Aus den Studien des Instituts für Sozial- und Gewerkschaftsforschung der KNSB über den Lebensunterhalt im dritten Quartal dieses Jahres geht hevor, dass zwei Drittel der Haushalte in unserem Land mit einem Gesamteinkommen pro Person leben, das unter dem notwendigen Lebensunterhalt liegt. Die Gruppe der Armen hält sich in etwa auf dem gleichen Stand wie im vorangehenden Quartal. Im Vergleich zum Dezember 2019 jedoch hat die Zahl der Armen in Bulgarien um ca. 200.000 Menschen zugenommen. Gewerkschaftsexperten zufolge ist dies einerseits auf die Anhebung der Armutsgrenze und die Ausweitung der Haushalte zurückzuführen, andererseits aber auch auf die Tatsache, dass die Corona-Pandemie die ärmsten Menschen am härtesten getroffen hat. Das Coronavirus verschärft die Ungleichheiten, da während der Pandemie schlecht bezahlte und gering qualifizierte Arbeitskräfte als erste ihren Arbeitsplatz verloren haben.

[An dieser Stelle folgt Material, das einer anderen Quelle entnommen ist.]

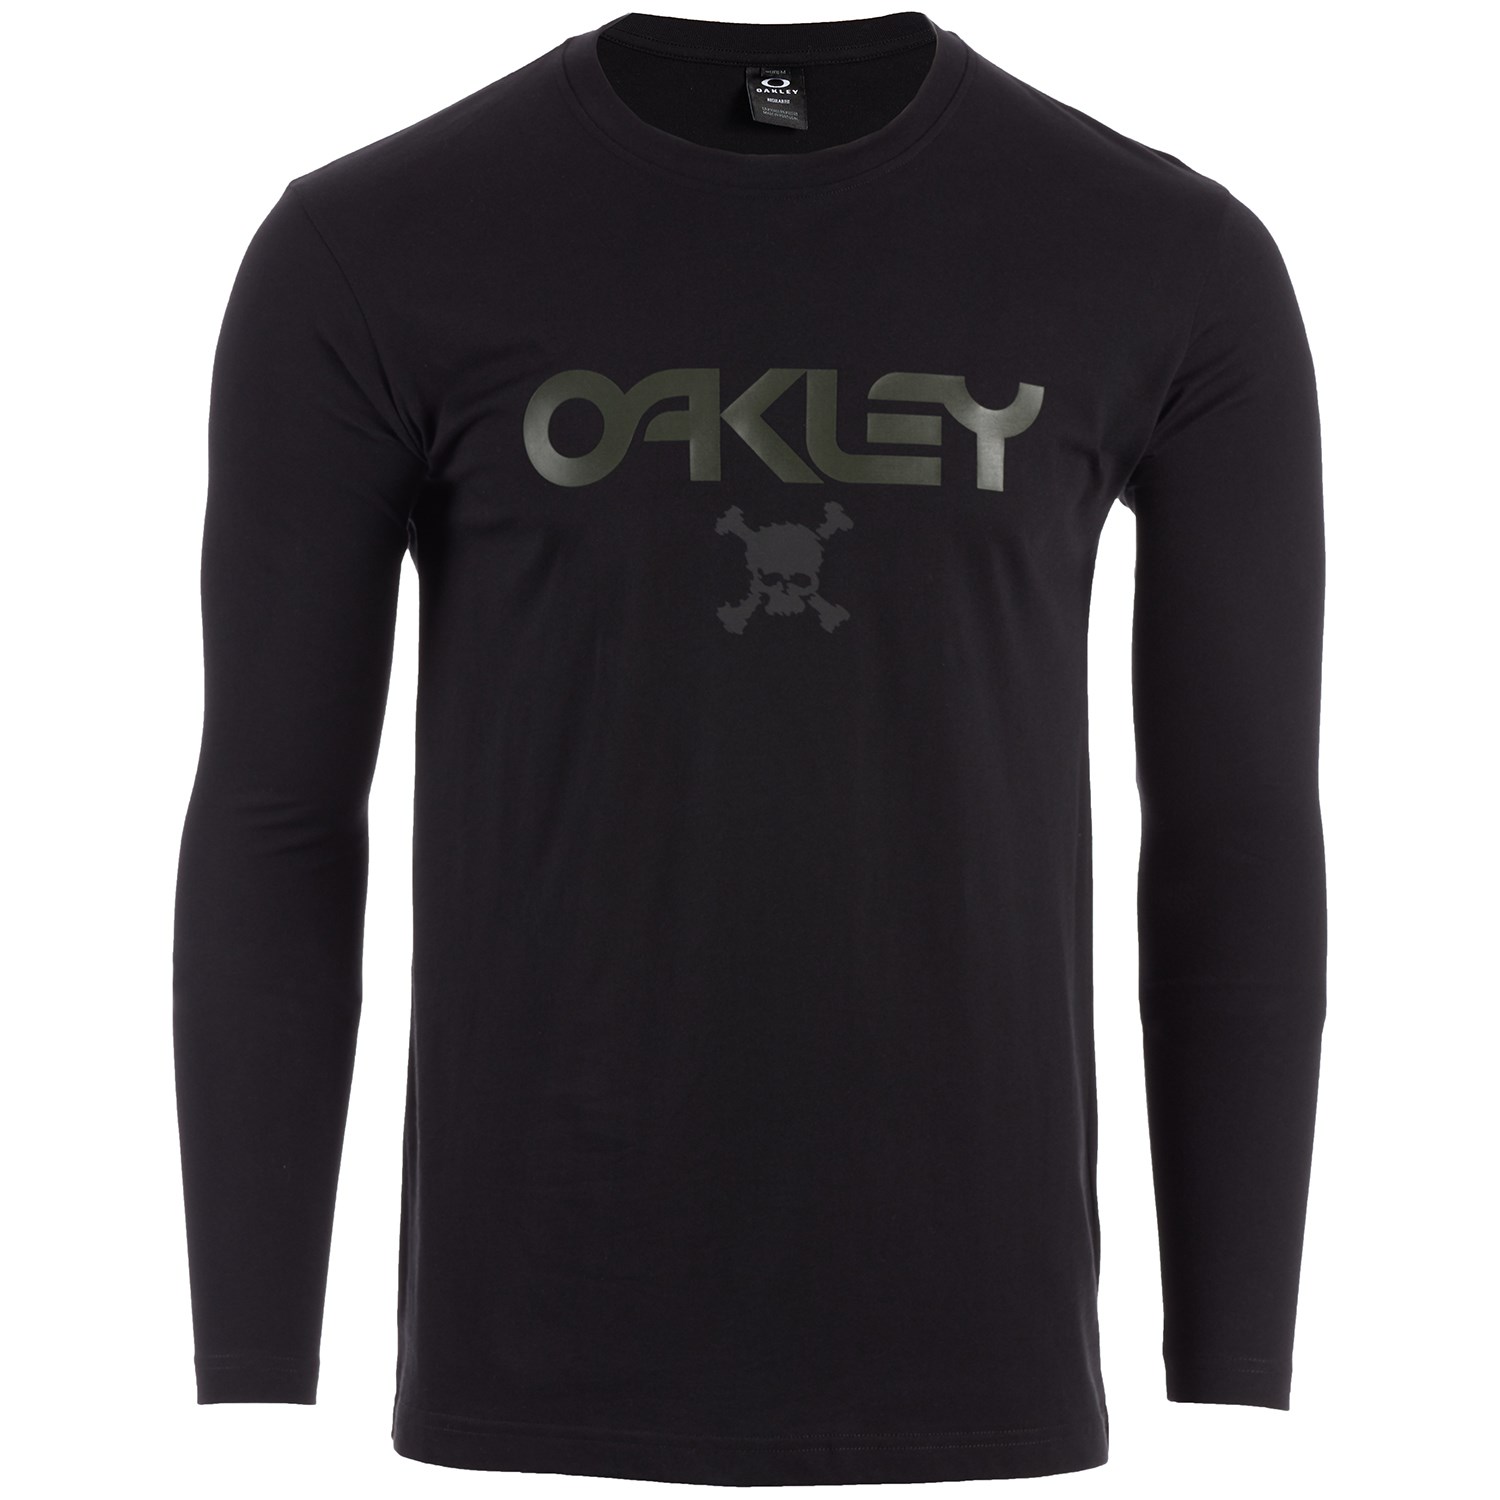 OAKLEY Skull Bleach Graphic Shirt usXL-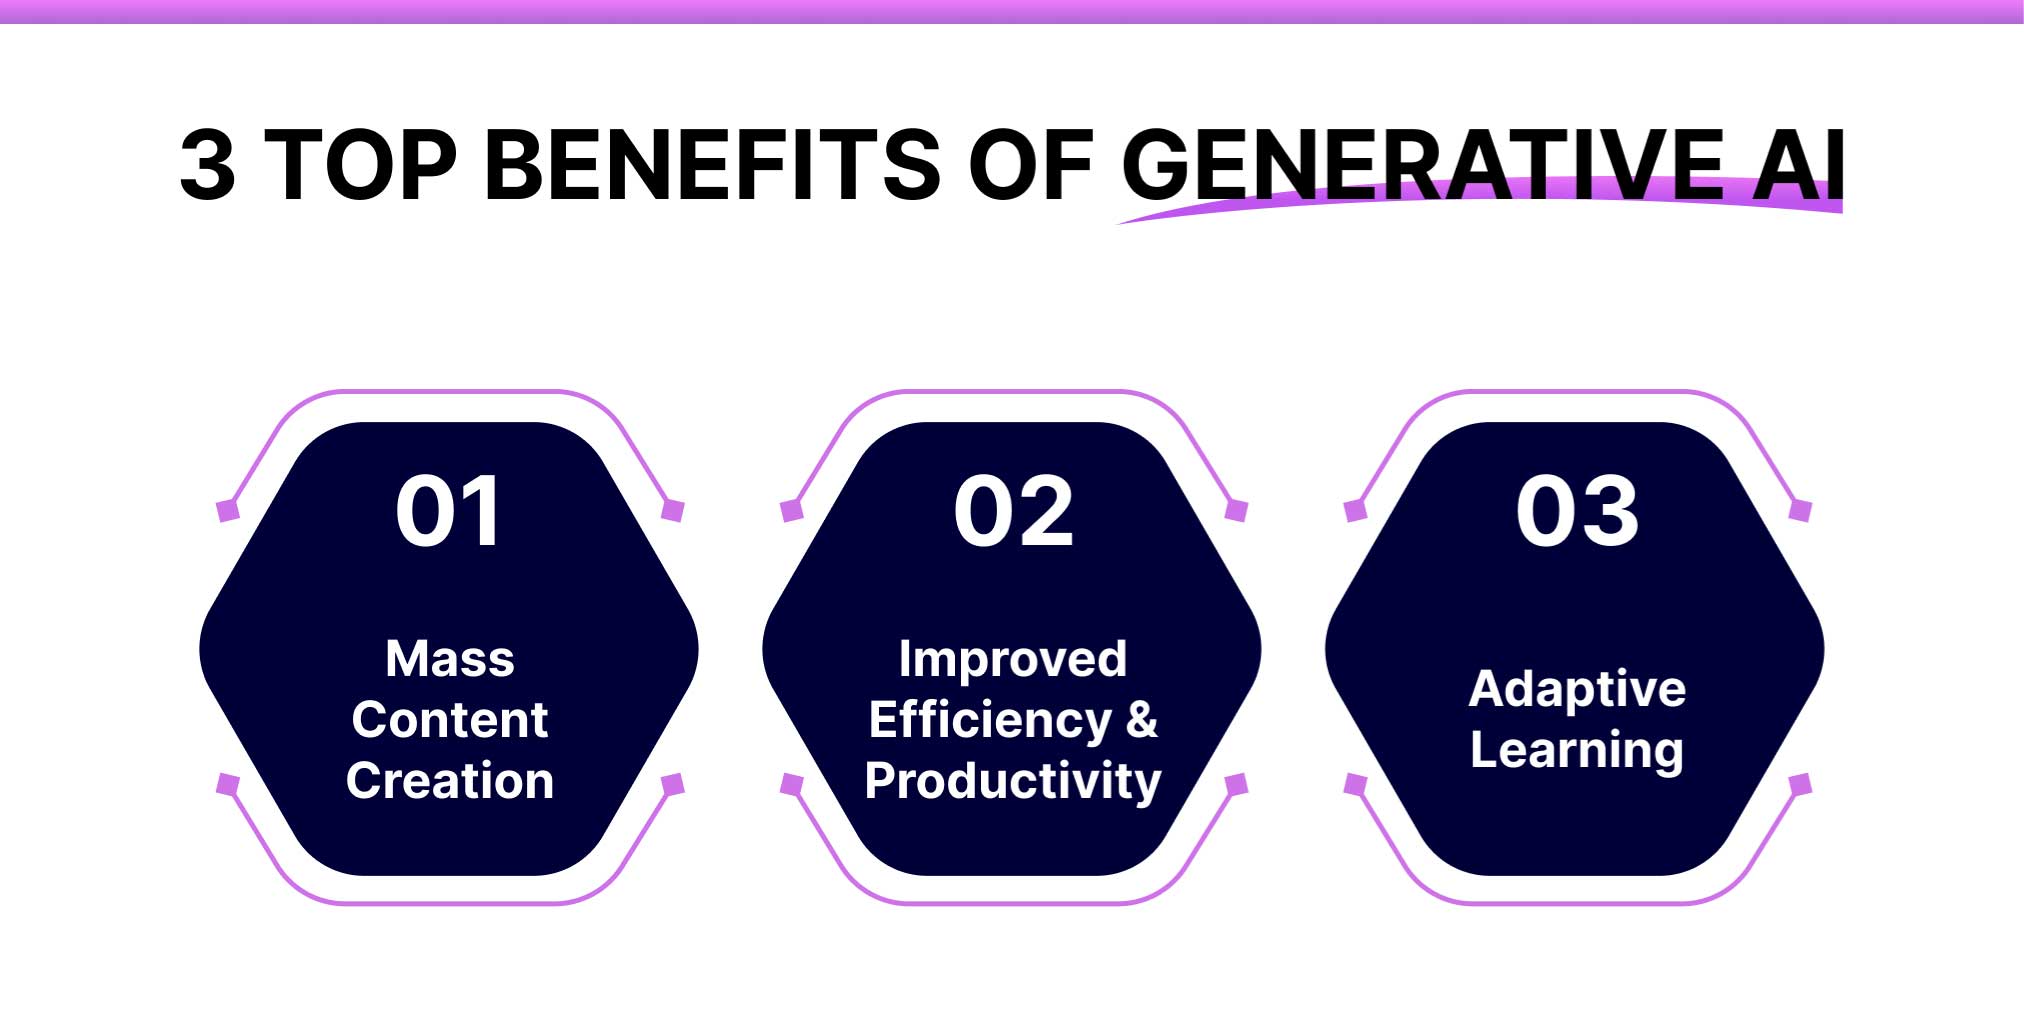 3 Top Benefits of Generative AI

„Bulgarien hat ohnehin seit Jahren Probleme in Sachen Ungleichheiten. Derzeit werden die Dinge wegen der Pandemie aber noch schlimmer. Und dies wird im Frühjahr zu sehen sein, wenn die Daten von Eurostat veröffentlicht werden. Für mich ist das sehr besorgniserregend. Wir sollten uns wirklich Gedanken darüber machen, jenen Menschen zu helfen, die einen Großteil ihres Einkommens für Behandlungskosten aufwenden müssen“, betonte der Wirtschaftsexperte der Konföderation der unabhängigen Gewerkschaften Bulgariens (KNSB) Ljuboslaw Kostow.